*** Opening of DATA EXTRACT ***

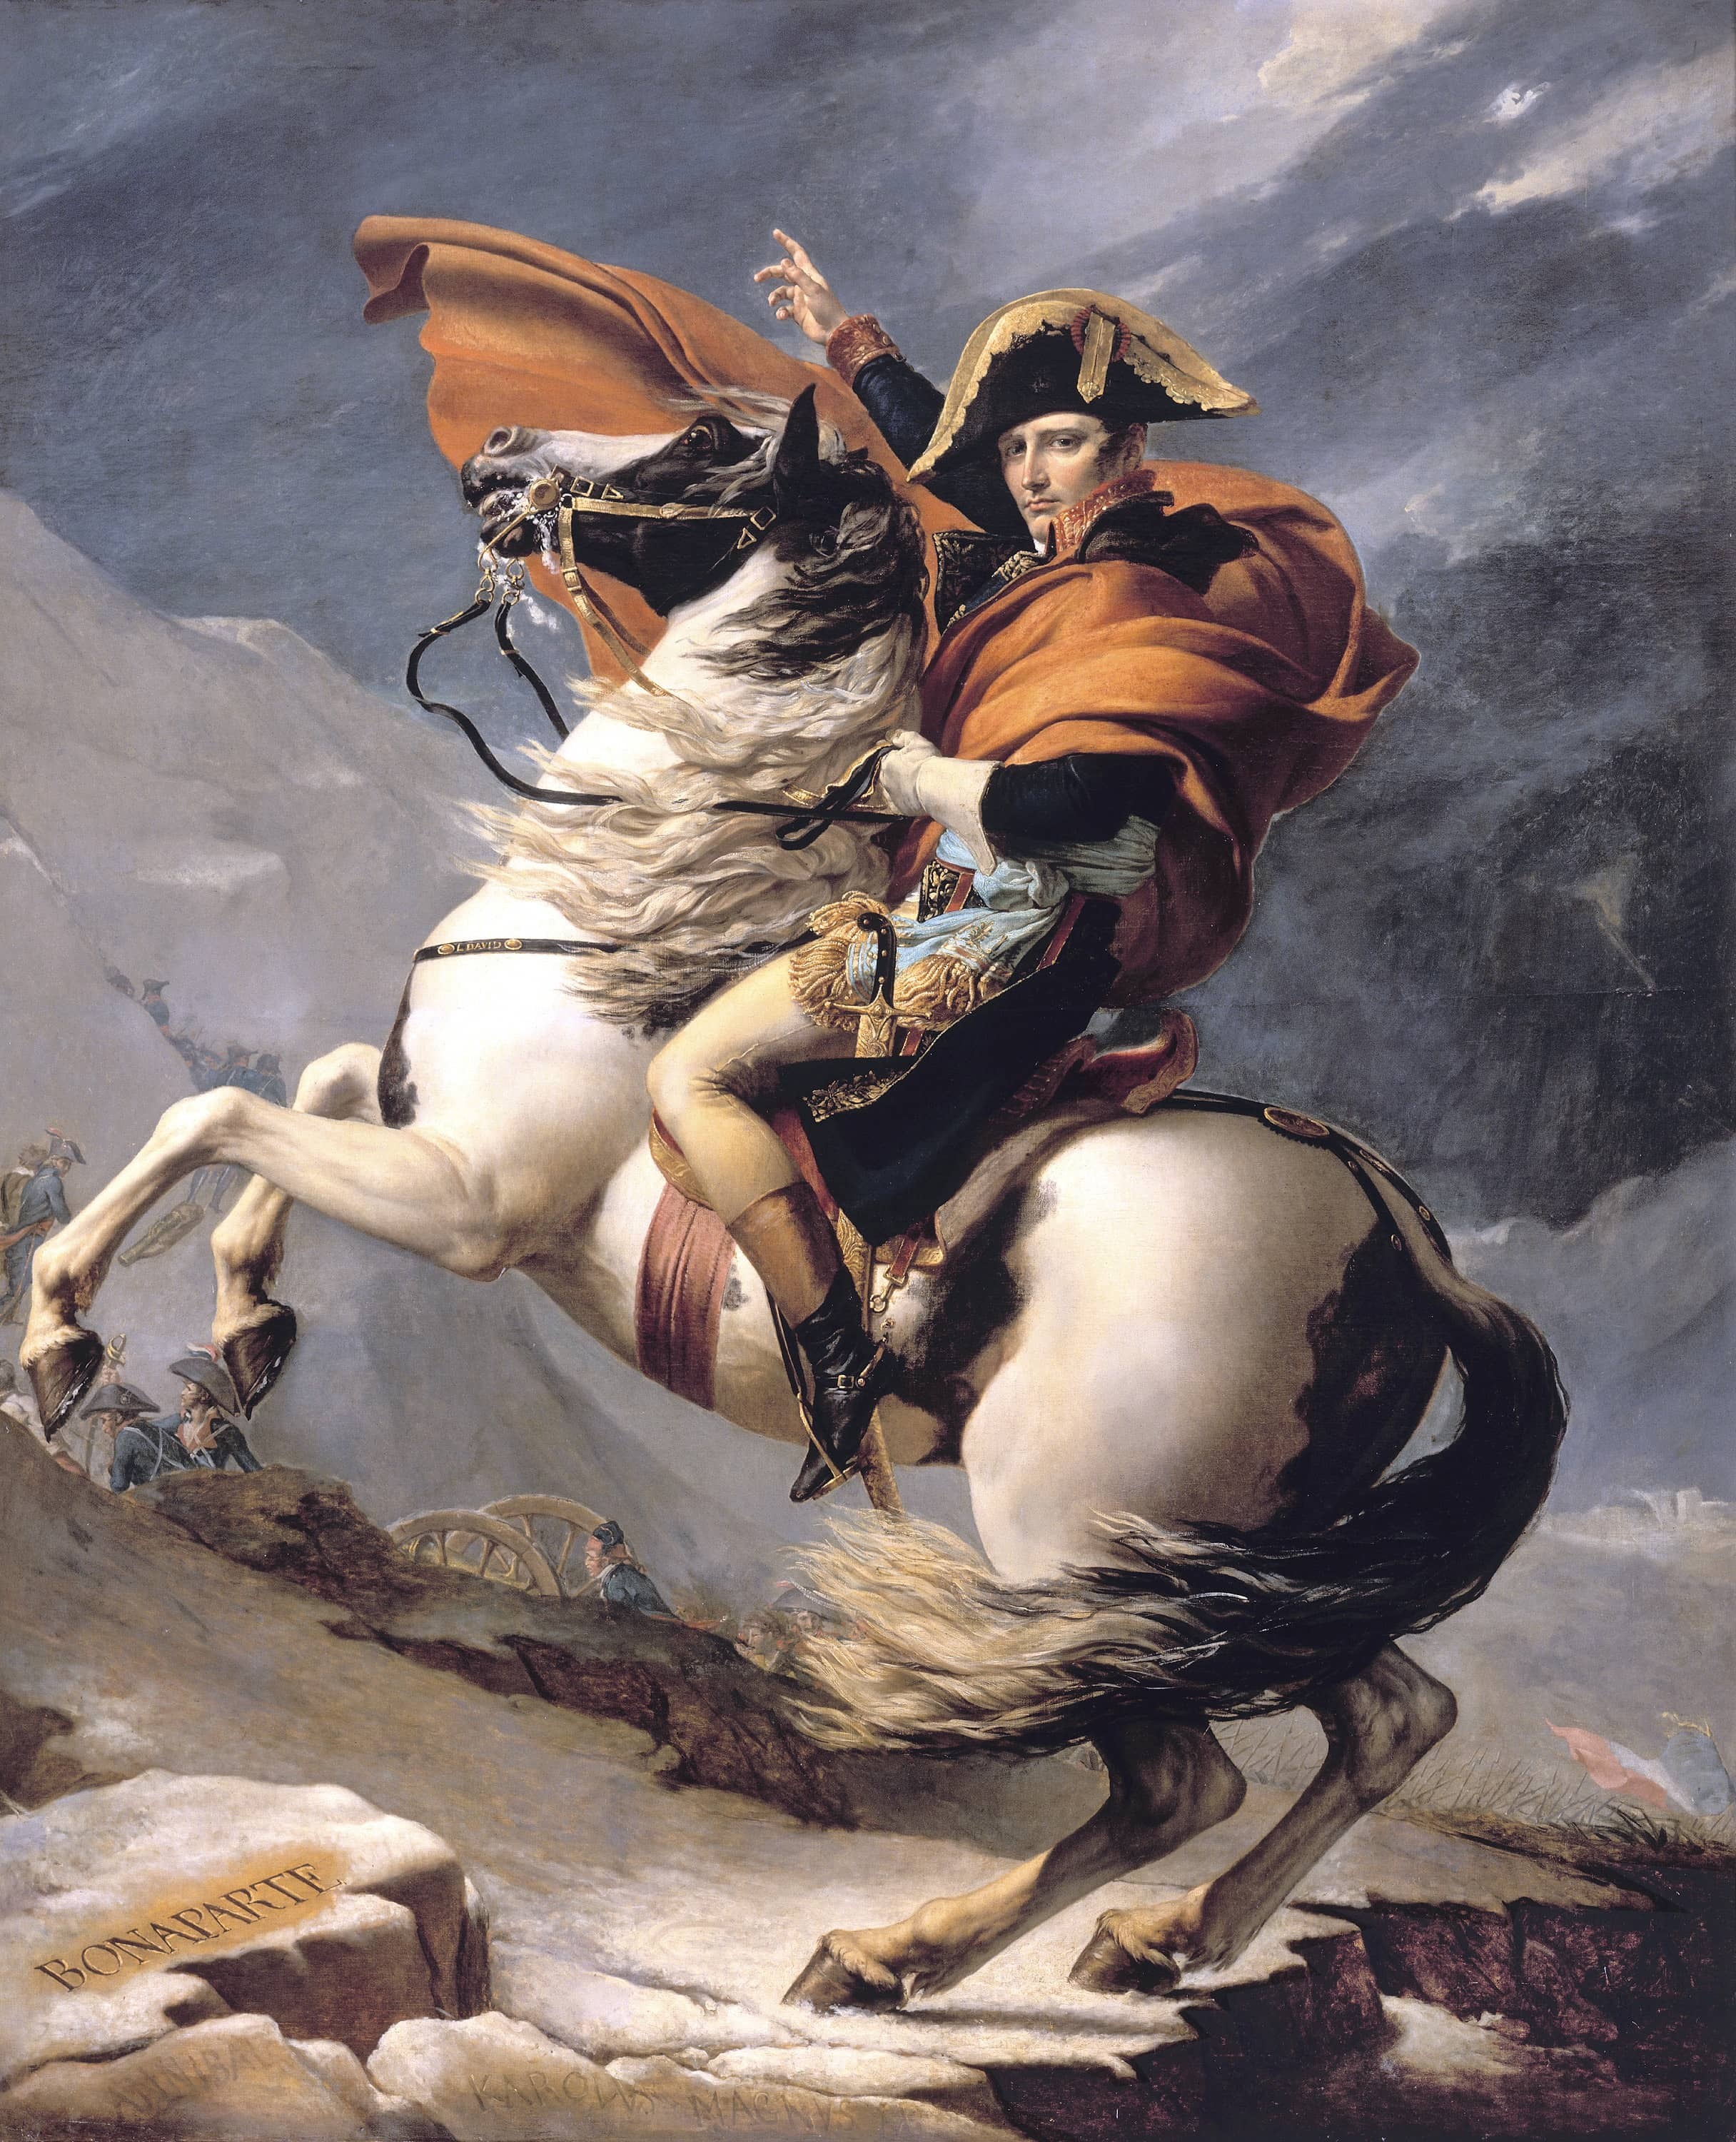 『世界名画』达维《拿破仑越过阿尔卑斯山》,绘画史上珍贵的典范
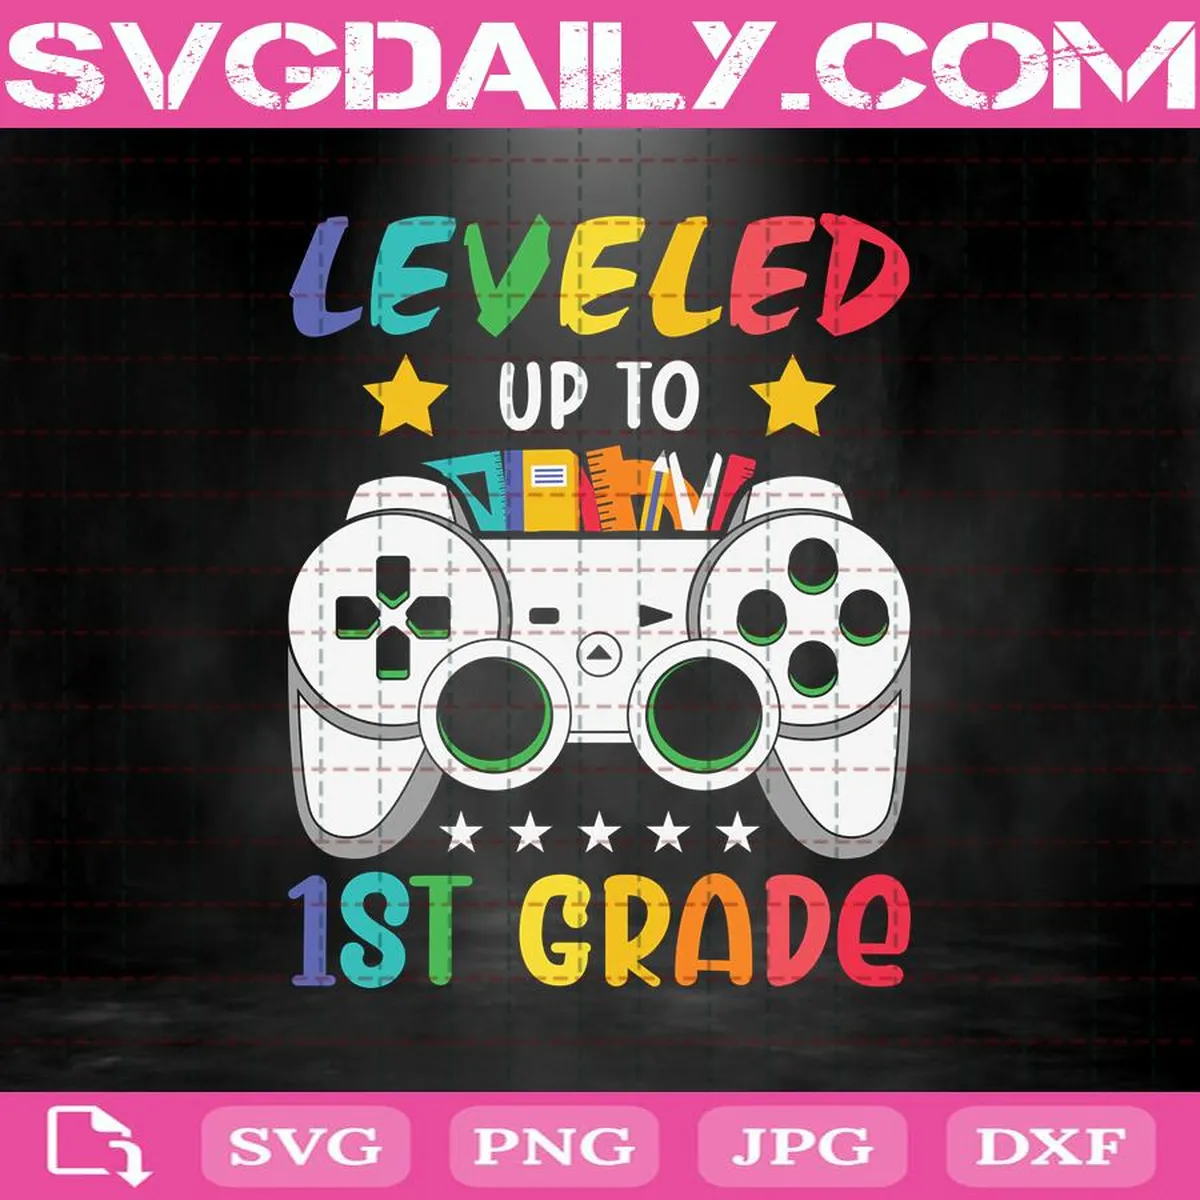 Leveled Up To 1st Grade Svg, 1st Grade Svg, 1st Grade Level Unlocked Svg, Video Game Svg, Level Svg, Game Svg, Back To School Svg
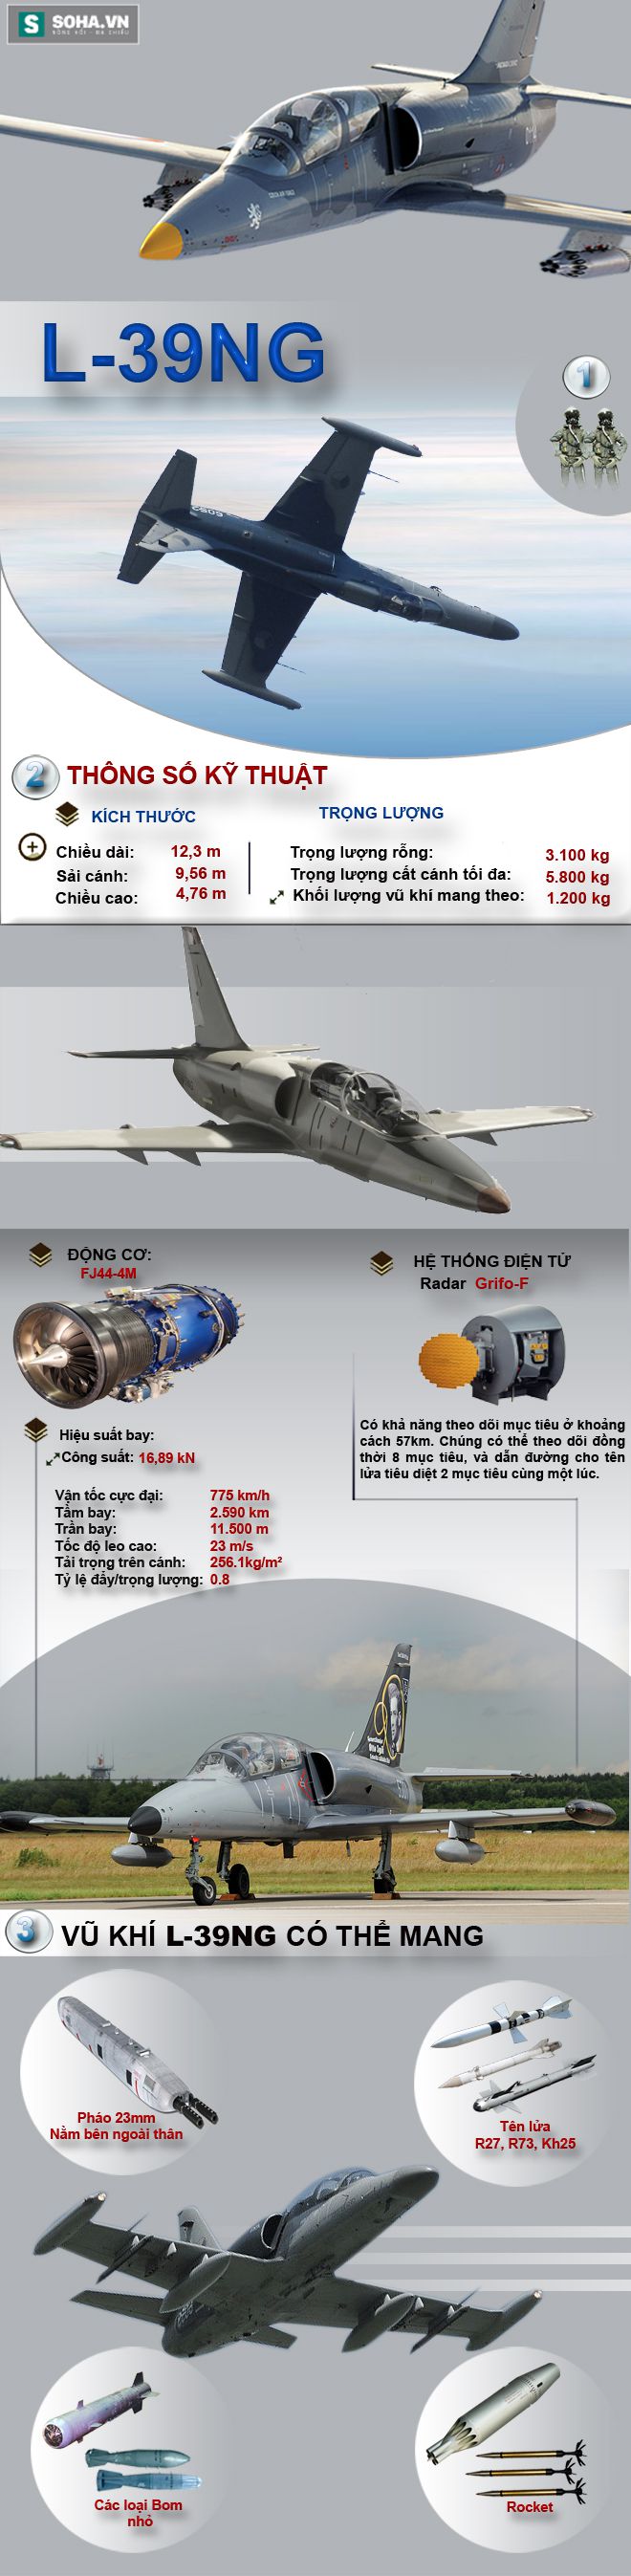 Đối thủ lớn nhất, có thể đánh bại Yak-130 tại thị trường Việt Nam - Ảnh 1.

*** Close of DATA EXTRACT ***

*ACTIVITY*.
Keep every word of the material exactly as given. Drop the pictures.

*RESULT*.
 『世界名画』达维《拿破仑越过阿尔卑斯山》,绘画史上珍贵的典范
 Leveled Up To 1st Grade Svg, 1st Grade Svg, 1st Grade Level Unlocked Svg, Video Game Svg, Level Svg, Game Svg, Back To School Svg
 Đối thủ lớn nhất, có thể đánh bại Yak-130 tại thị trường Việt Nam - Ảnh 1.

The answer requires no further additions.